Electrophysiological Analysis of Inward K⁺ Currents in Rice Root Cells. (A) Patch-clamp whole-cell recordings of inward K⁺ currents in rice root cell protoplasts isolated from Dongjin and Os-akt1 mutant. The voltage protocols, as well as time and current scale bars for the recordings, are shown. (B) The I-V (current-voltage) relationship of the steady state whole-cell inward K⁺ currents in rice root cell protoplasts. The data are derived from the recordings as shown in (A) and presented as means ± se (Dongjin, n = 43; Os-akt1, n = 28). (C) The G-V (conductance-voltage) relationship of the steady state whole-cell inward K⁺ currents in rice root cell protoplasts. The solid lines represented the best fits of conductance (G) according to the Boltzmann function.
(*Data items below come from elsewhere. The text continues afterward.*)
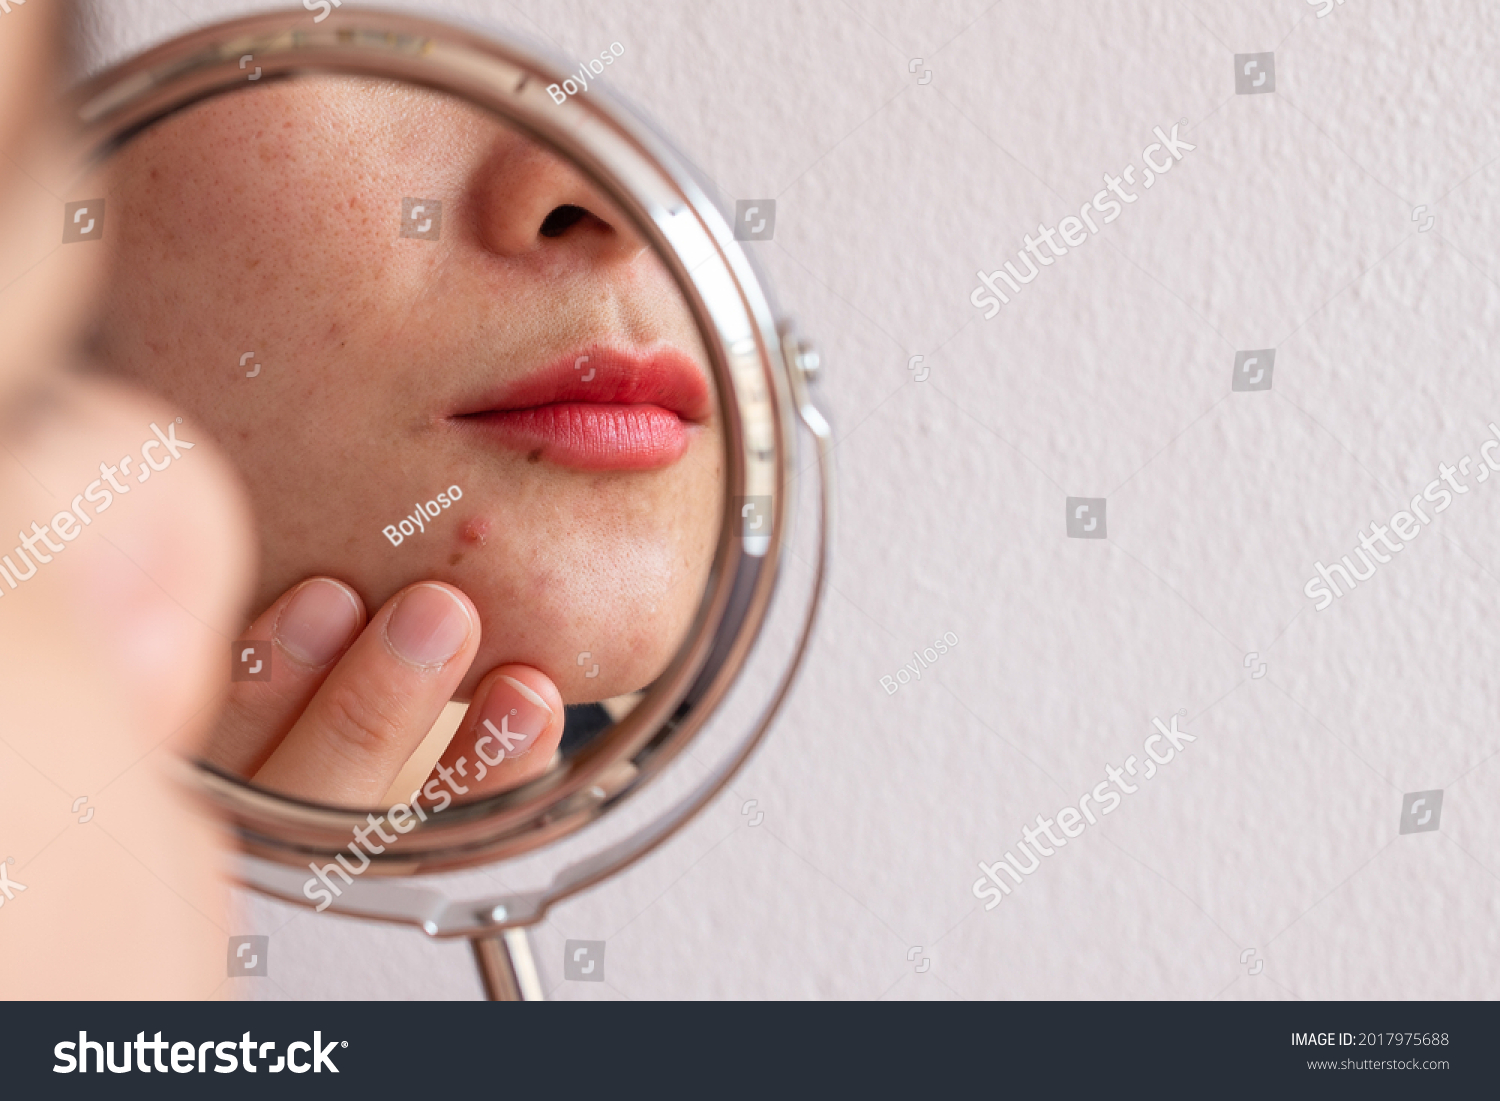 Cropped shot of woman worry about her face when she saw the problem of acne occur on her chin by a mini mirror. Conceptual shot of Acne and problem skin on female face. #2017975688
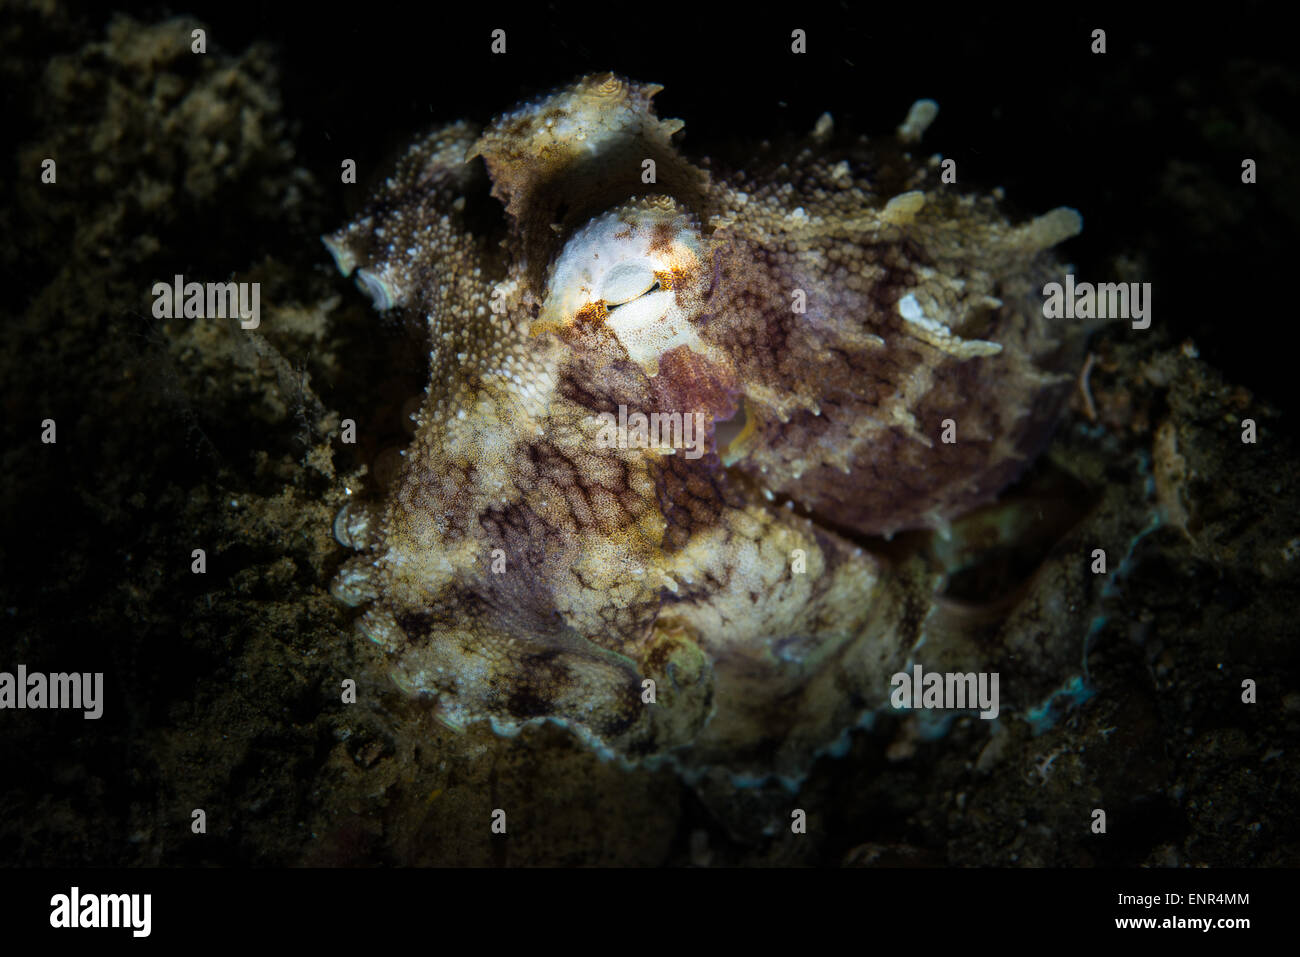 A coconut octopus during a night dive in Ambon Stock Photo
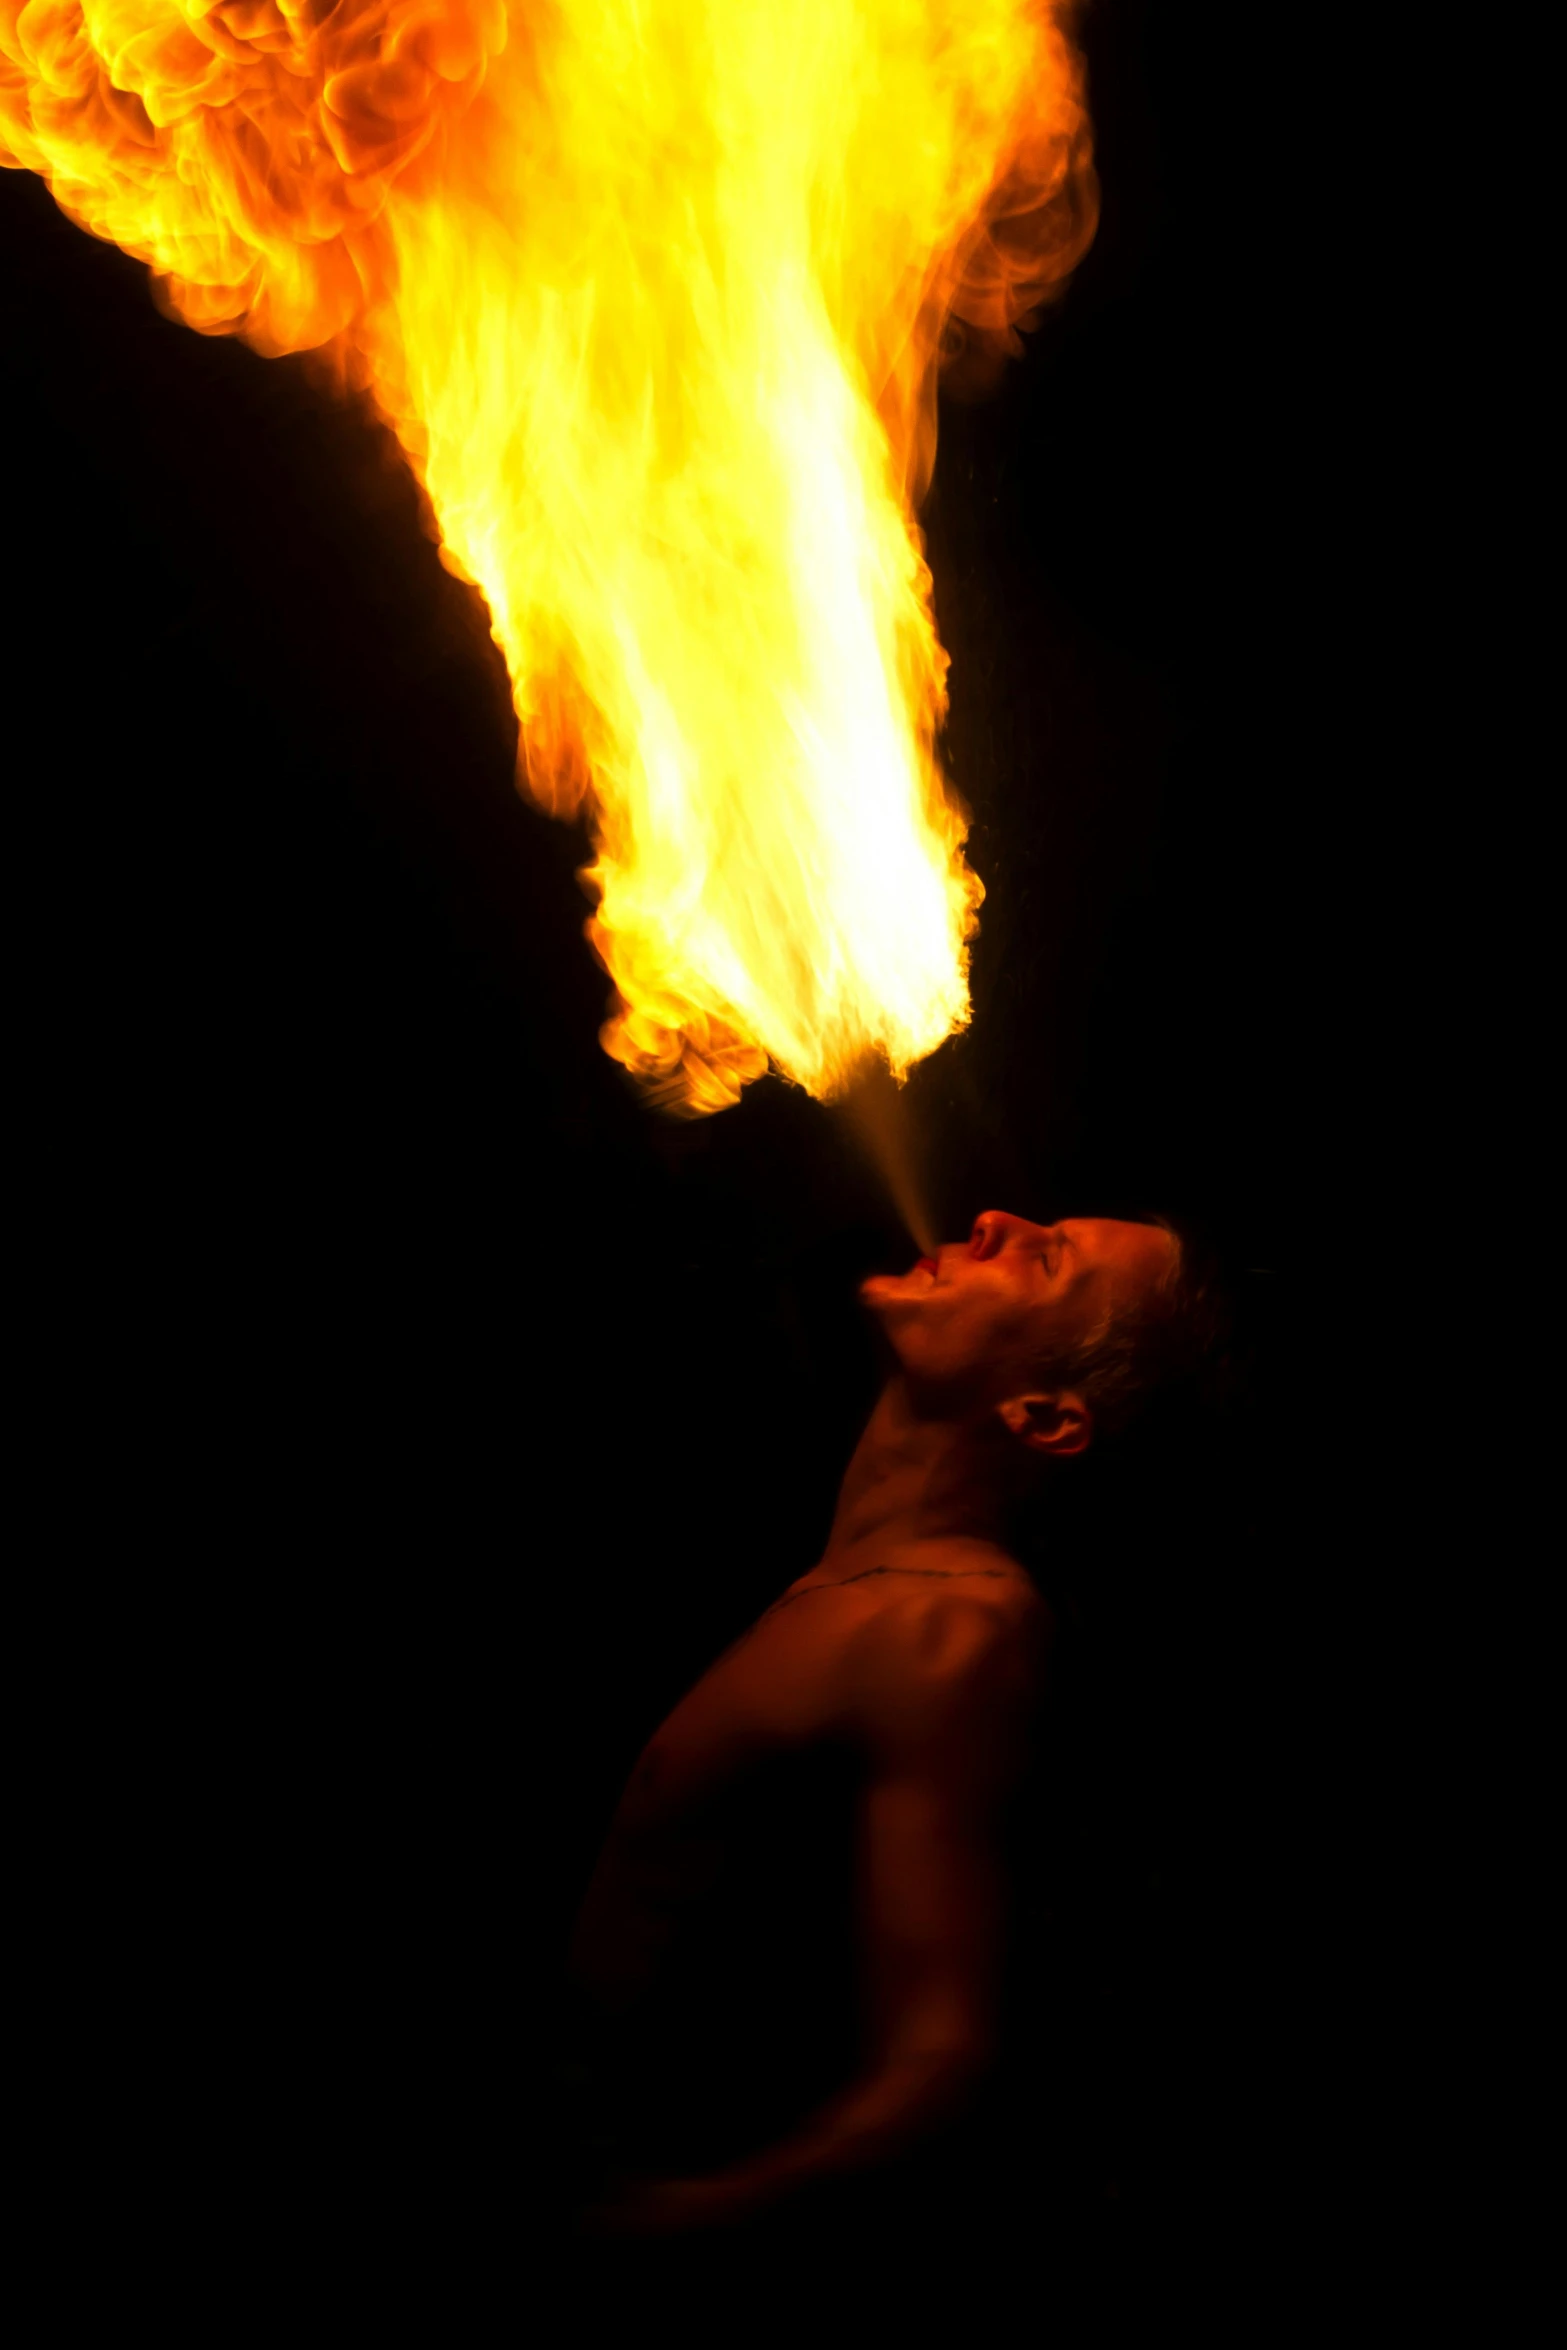 a man with fire coming out of his mouth, by Tony Szczudlo, fan favorite, photography”, ap news photograph, fire breathing. bowser

The data are derived from the recordings as shown in (A) and presented as means ± se (Dongjin, n = 43; Os-akt1, n = 28).

Figure 7.

Os-CBL1 and Os-CIPK23 Enhance Os-AKT1 Activity. (A) Yeast two-hybrid analysis of Os-CIPK23 interaction with Os-CBL1 and the cytosolic region of Os-AKT1 (Os-AKT1-C). (B) BiFC assays of Os-CIPK23 interaction with Os-CBL1 and Os-AKT1 in N. benthamiana leaves. Bar = 100 μm. (C) Patch-clamp whole-cell recordings of inward K⁺ currents in HEK293 cells expressing different combinations of Os-CBL1, Os-CIPK23, and Os-AKT1. The voltage protocols, as well as time and current scale bars for the recordings, are shown. (D) The I-V relationship of the steady state whole-cell inward K⁺ currents in HEK293 cells. The data are derived from the recordings as shown in (C) and presented as means ± se (Os-AKT1, n = 59; Os-CBL1-GFP+Os-CIPK23, n = 20; Os-CIPK23-GFP+Os-AKT1, n = 8; Os-CBL1-GFP+Os-CIPK23+Os-AKT1, n = 52). (E) The G-V relationship of the steady state whole-cell inward K⁺ currents in HEK293 cells. The solid lines represented the best fits of conductance (G) according to the Boltzmann function. The data are derived from the recordings as shown in (C) and presented as means ± se (Os-AKT1, n = 59; Os-CIPK23-GFP+Os-AKT1, n = 8; Os-CBL1-GFP+Os-CIPK23+Os-AKT1, n = 52). (F) and (G) Phenotype of Arabidopsis transgenic lines expressing Os-CIPK23 (F) and Os-CBL1 (G) in the lks1 and cbl1 cbl9 mutant backgrounds, respectively. The photographs were taken after the plants were grown on MS and LK medium for 7 d.

Figure 8.

Phenotype of Os-CIPK23 RNAi Plants. (A) and (B) Phenotype comparison between Nipponbare (Np) and Os-CIPK23 RNAi plants (23RNAi-1 and 23RNAi-2). The photographs of whole seedlings (A) and first leaves (B) were taken after the rice seedlings were grown in hydroponic solution for 7 d. Bars in (A) = 15 cm; bars in (B) = 2 cm. (C) Real-time PCR verification of Os-CIPK23 expression in Nipponbare and Os-CIPK23 RNAi plants. (D) to (F) Seedling length (D), dry weight (E), and K⁺ content (F) of Nipponbare and Os-CIPK23 RNAi plants after growth in hydroponic solution for 7 d. Data are shown as means ± se (n = 3). Student’s t test (*P < 0.05 and **P < 0.01) was used to analyze statistical significance of difference from the wild type. (G) Comparison of K⁺ uptake ability between Nipponbare and Os-CIPK23 RNAi plants using the K⁺ depletion method. Data are shown as means ± se (n = 3).